In a move that would leave it with only three refineries in the US, Shell is looking for buyers for its 144,000-bpd Anacortes refinery in Washington, according to Reuters, which obtained its information from an unnamed source.
The move, which would mean Shell has put 7 US refineries up for sale (5 per cent of the country’s refining capacity), would mean its refining operations in North America would be concentrated in the Gulf Coast – with two refineries in Louisiana and one in Texas.
The sale would form part of a divestment program announced by the Anglo-Dutch supermajor. It envisages the offloading of £3.8 billion worth of assets last year and this year, each.
Last year Shell sold its Martinez, California refinery, and it also has a Canadian facility up for sale – the 75,000-bpd Sarnia refinery in Ontario. The Californian deal, which is with independent refiner PBF Energy Inc, will see the supermajor get up to £700 million.
Its remaining US refineries, should this deal go through, are Louisiana (with a combined capacity of half a million barrels daily), and Texas (with a capacity of 340,000 bpd).
But buyers are difficult to come by.
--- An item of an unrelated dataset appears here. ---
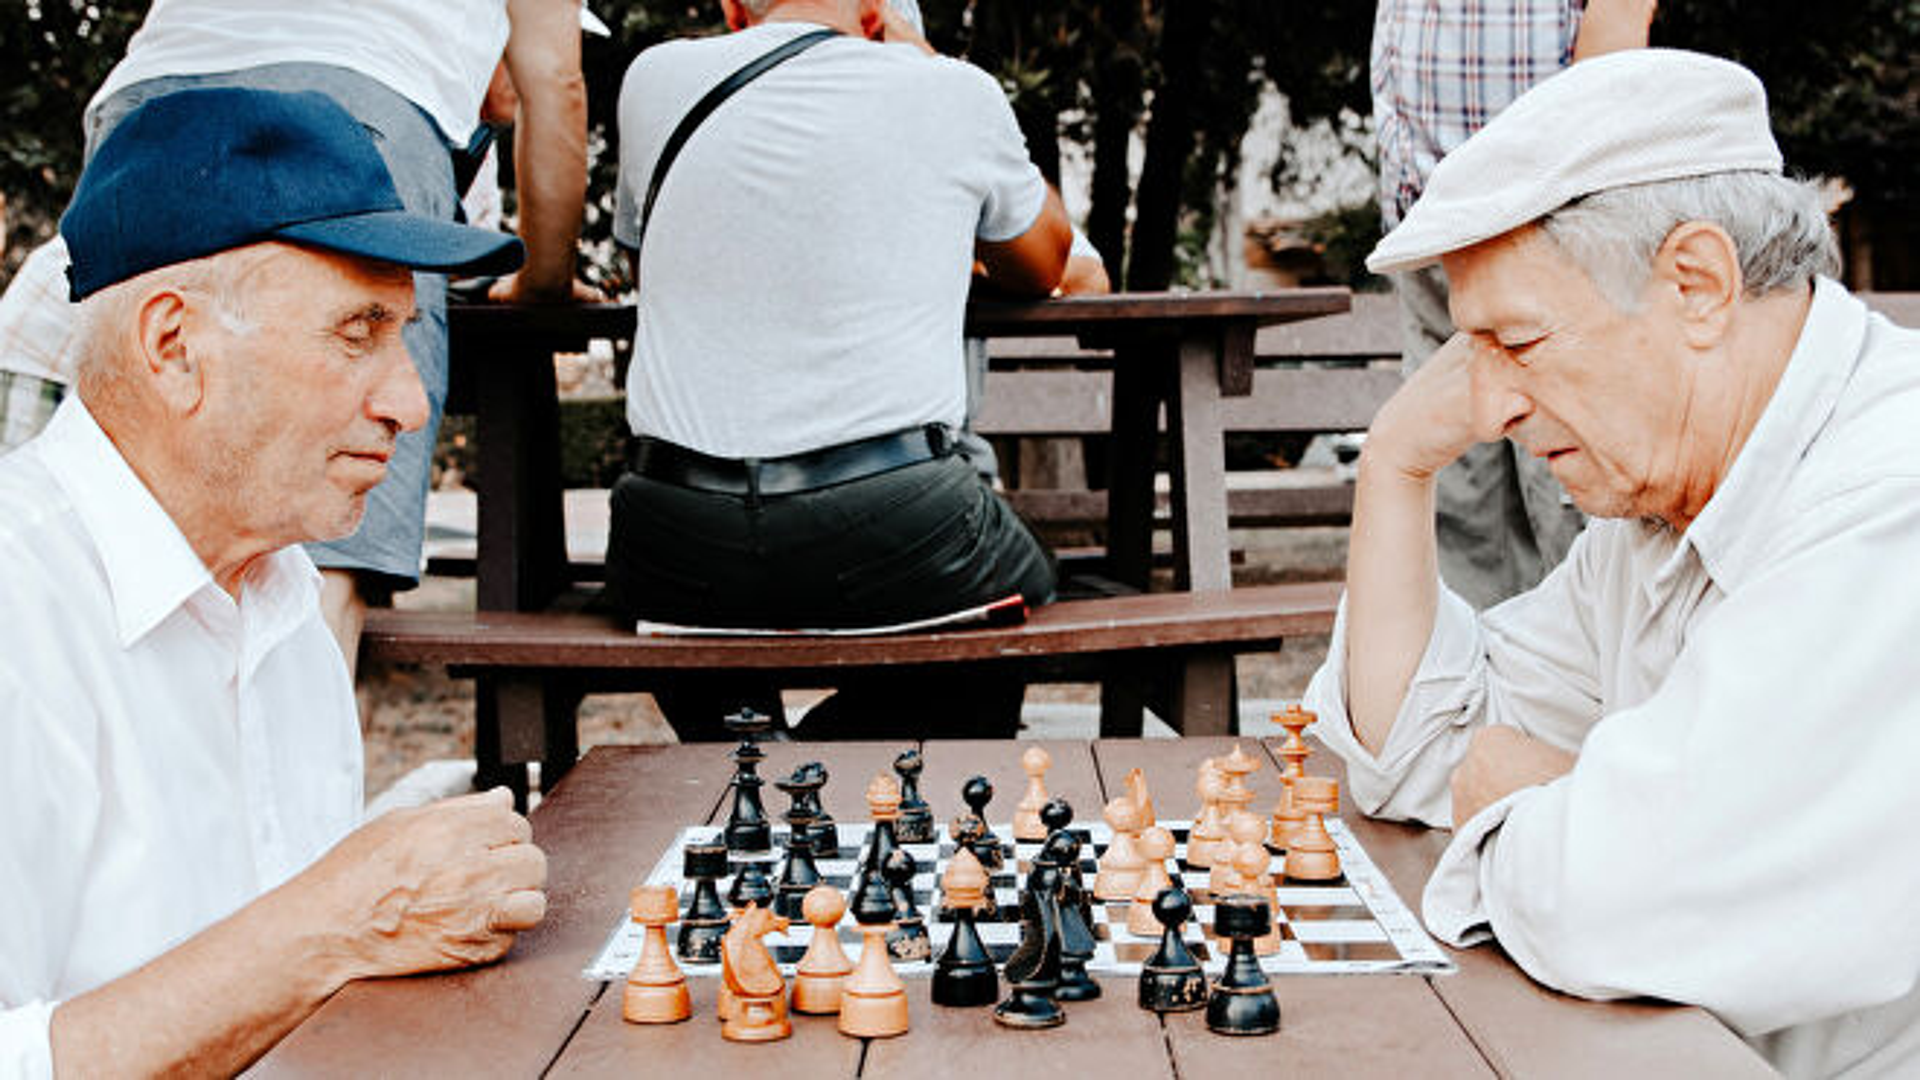 Two elderly men playing chess

A Tudor Pickering Holt & Co. said to Reuters of the deal: “When some of your really big companies have stopped buying refineries, that really slows things down,”.
Matt Flanagan, an executive from energy advisory firm Opportune, added: “Refiners don’t want to overpay for an asset with environmental liabilities that might require unknown capital expenditure to meet future requirements.”